#  Other Applications & Softwares  > Word Formatting & General >  >  Mail Merge Multiple Records on 1 page

## NealEHerman

I need help with combining several records from an excel spreadsheet into one mail merge document. Specifically, I have multiple records for one customer and wish to display some of the fileds on the document. My worksheet has enough space for 8 acct #'s and corresponding data but cannot write the code so that Word will pull in all the data for each customer. I have attached my doc and data file which is setup fine for merge but cannot code for sequential data to be pulled with a unigue key field. Example: ABC Co. has 4 records, I need to display all four account#.'s and respective data for that record in respective rows.Any help would be greatly appreciated.

----------


## sid11143

Hai 
did you find a solution. I have the same problem. Can you please email me teh solution.
sid11143@gmail.com

----------


## Internoob2

I would do it like this.

I modified the mail merge,use a letter type (removed page number not sure why you need for a single page letter).

Go to start mail merge select letter, go to select recipients and select the data spreadsheet, edit recipient list to make sure all the fields are selected.

Then Finish and merge.


Hope this helps.  I have recently been doing mail merge stuff so it's fresh on my mind.

-BC

----------


## dmforward

Hi

I am having the same issue.  I have a letter to mail to several customers in regards to unpaid invoices.  Some customers have more than one invoice to be listed.  How do I go about this to have the several invoices print on the one letter?

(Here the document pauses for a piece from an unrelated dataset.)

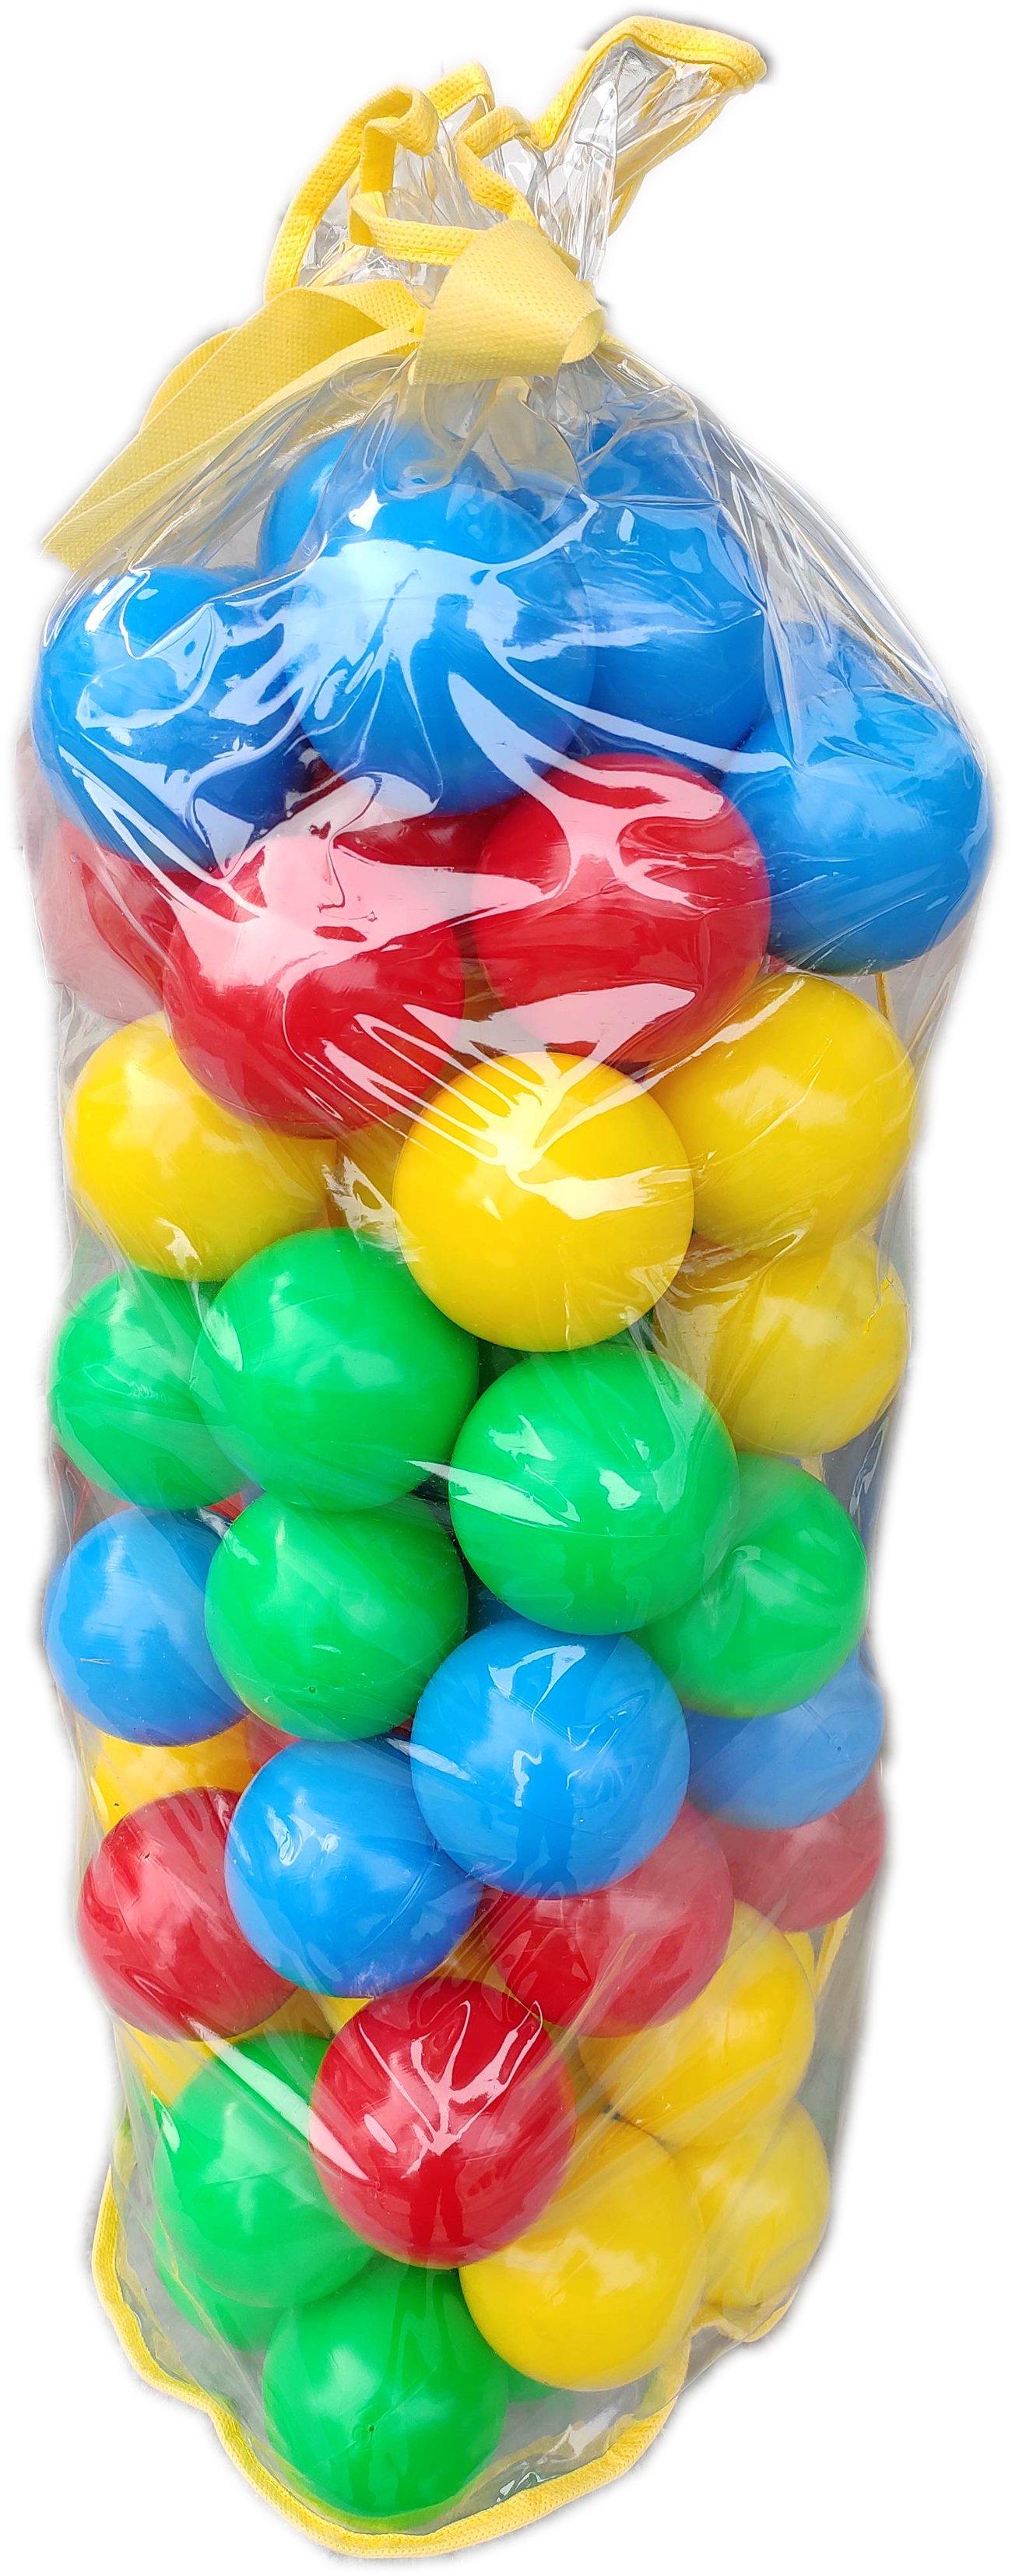 Детски Комплект пластмасови топки за игра в детски център или басейн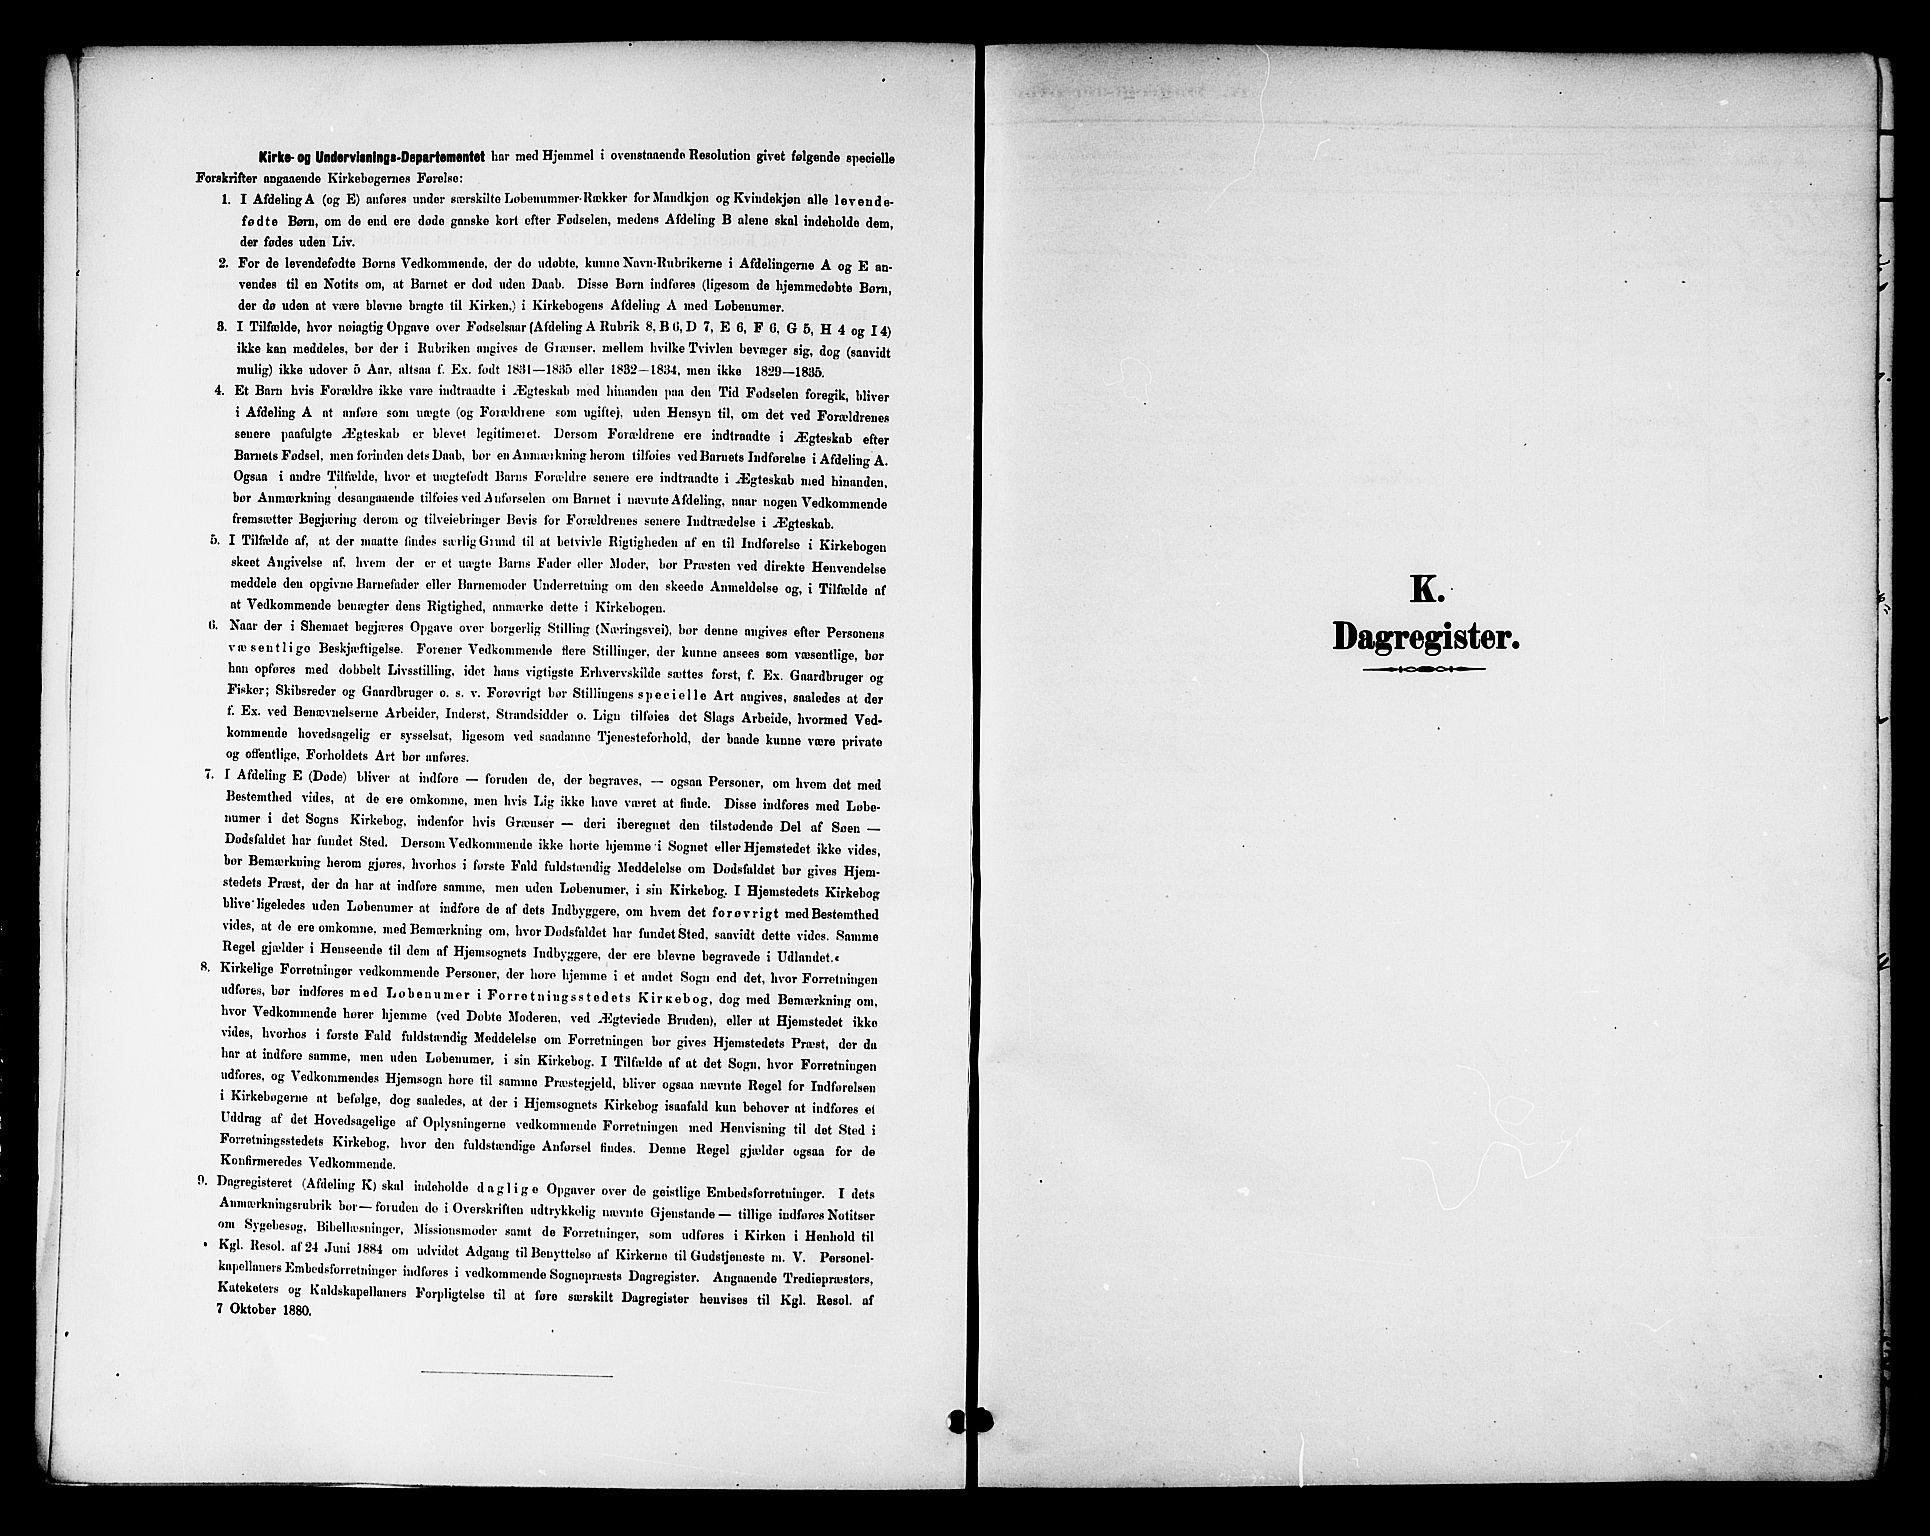 SAT, Ministerialprotokoller, klokkerbøker og fødselsregistre - Nord-Trøndelag, 768/L0575: Dagregister nr. 766A09, 1889-1931

Any help would be greatly appreciated.  I have done mail merge several times but have not come up against this issue.

----------


## Internoob2

Start a new thread and post sample sheets for the excel document and the word file you are merging to.

----------


## mivanows

It did not work. It shows one record per merges page. It should show mutiple records in one page.

----------


## macropod

Instead of resurrecting a thread that has been dormant for over a year, you should start a new thread, setting out what you're trying to do.

PS: Solutions for this kind of thing are readily available.

----------